Dies dürfte in dem Bündnis im Grundsatz kaum strittig sein. Anders verhält es sich in der Frage der Entscheidungsstrukturen, denn in diesem Politikbereich mischen Bund, Länder und Kommunen mit und bremsen sich zum Teil gegenseitig aus, so dass sich trotz der anerkannten Notwendigkeit einer Verkehrswende seit Jahren wenig bewegt. Die Kommunen fordern mehr Entscheidungsspielräume vor Ort - verständlich, da Lösungen von der Stange hier kaum sinnvoll sind. »Die Städte sollten auch neue Lösungen ausprobieren dürfen«, so Städtetags-Vize Lewe, der CDU-Oberbürgermeister der Fahrradstadt Münster ist. Er nannte als Beispiele Verkehrszeichen wie einen Grünpfeil für Radfahrer, neue Umweltspuren oder Regelungen zur Geschwindigkeit innerorts. Gleichwohl sind die Kommunen auf Geldmittel von Bund und Ländern angewiesen, die die Entscheidungen über die Mittelausgabe nicht aus der Hand geben wollen.
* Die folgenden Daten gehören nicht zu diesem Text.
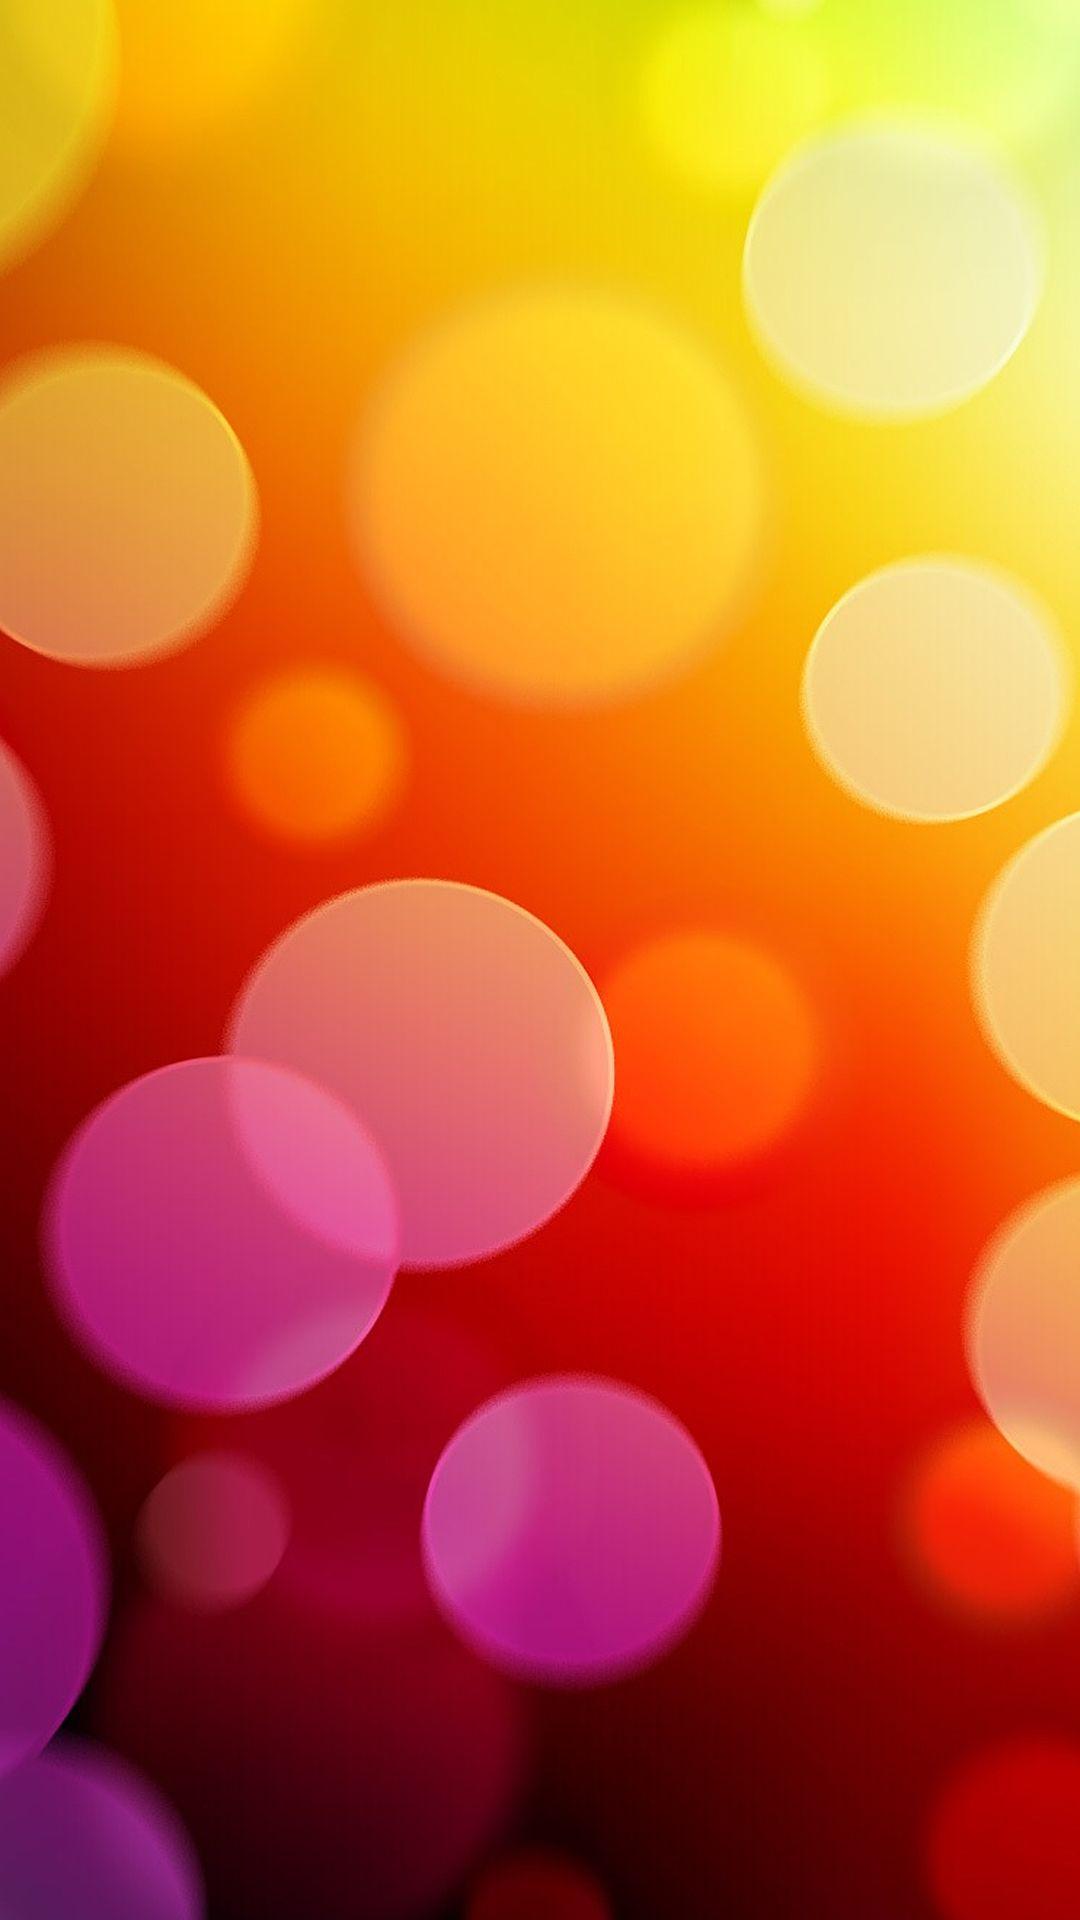 Orange Bubbles Iphone 6 Plus Wallpaper Iphone Wallpaper Orange Iphone 5s Wallpaper Wallpaper Iphone Cute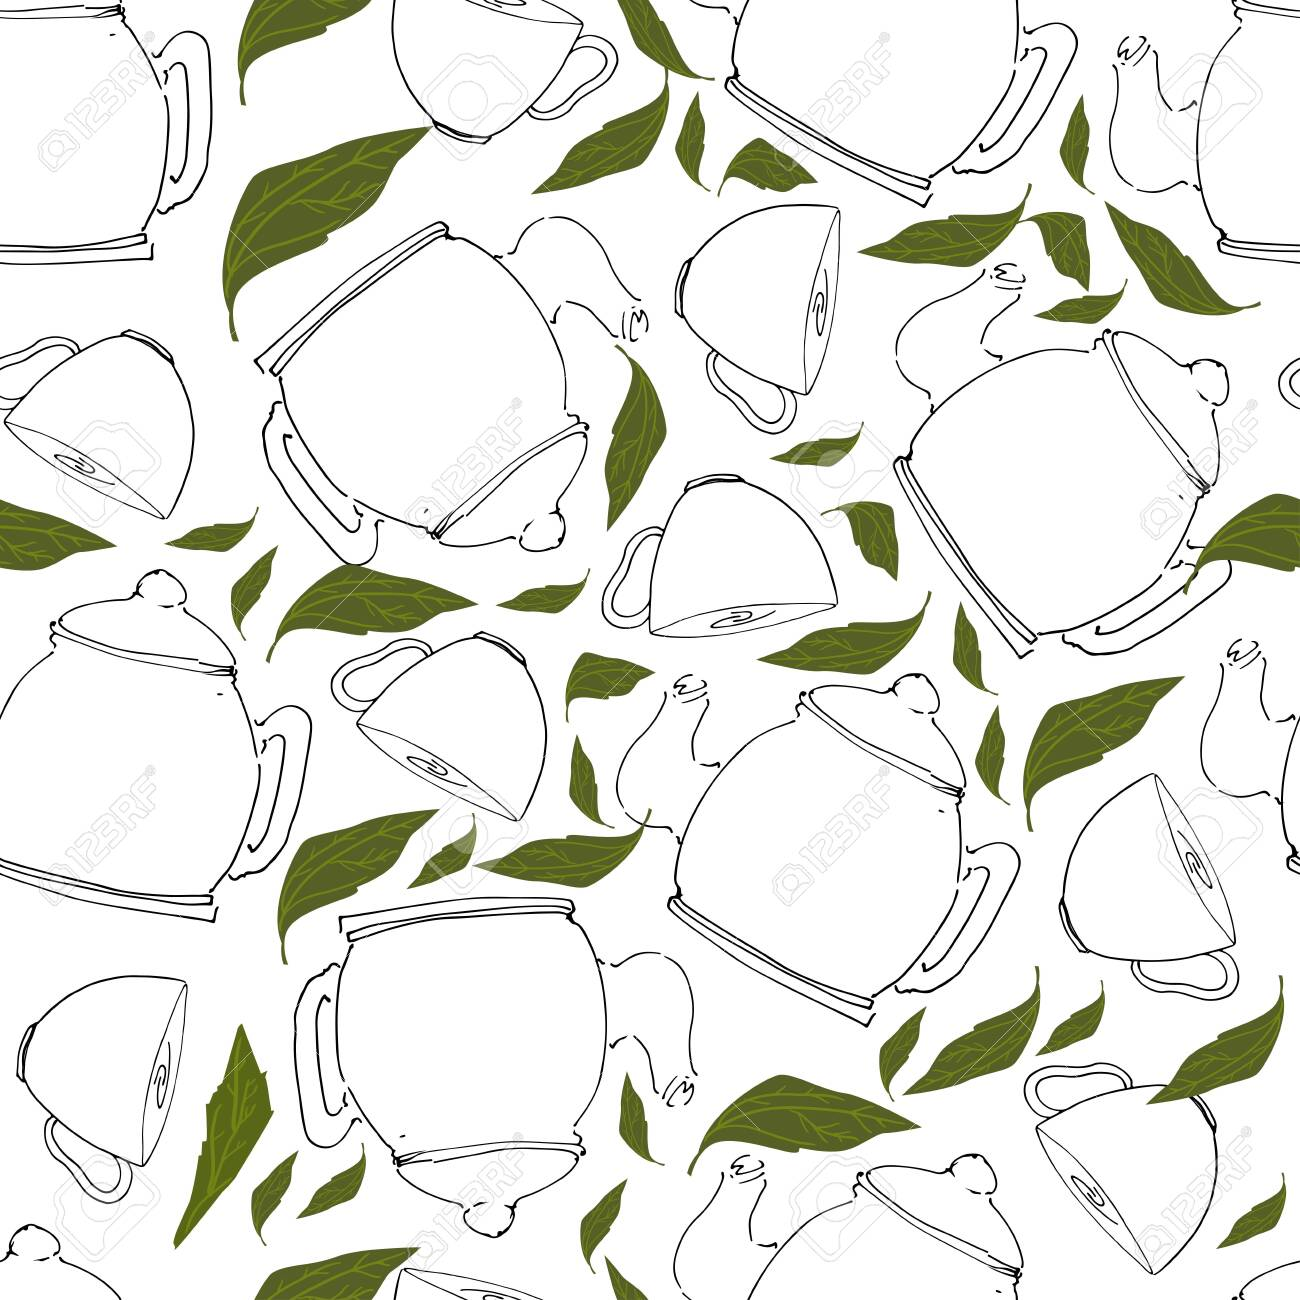 Tea pot hand drawn seamless pattern for your design: cafe menu, banner - 118664468

Und so gibt es bisher ein krasses Missverhältnis zwischen Notwendigkeit und Wirklichkeit. Das Bundeskabinett hatte kürzlich beschlossen, den Ländern für den Regionalverkehr mit Bahnen und Bussen von 2020 bis 2023 insgesamt 1,2 Milliarden Euro zusätzlich bereitzustellen. Kaum mehr als ein Tropfen auf den heißen Stein: Die Verkehrsexperten von Attac schätzen, dass allein für den Ausbau des ÖPNV in den Städten in den kommenden zehn Jahren 500 Milliarden Euro benötigt werden.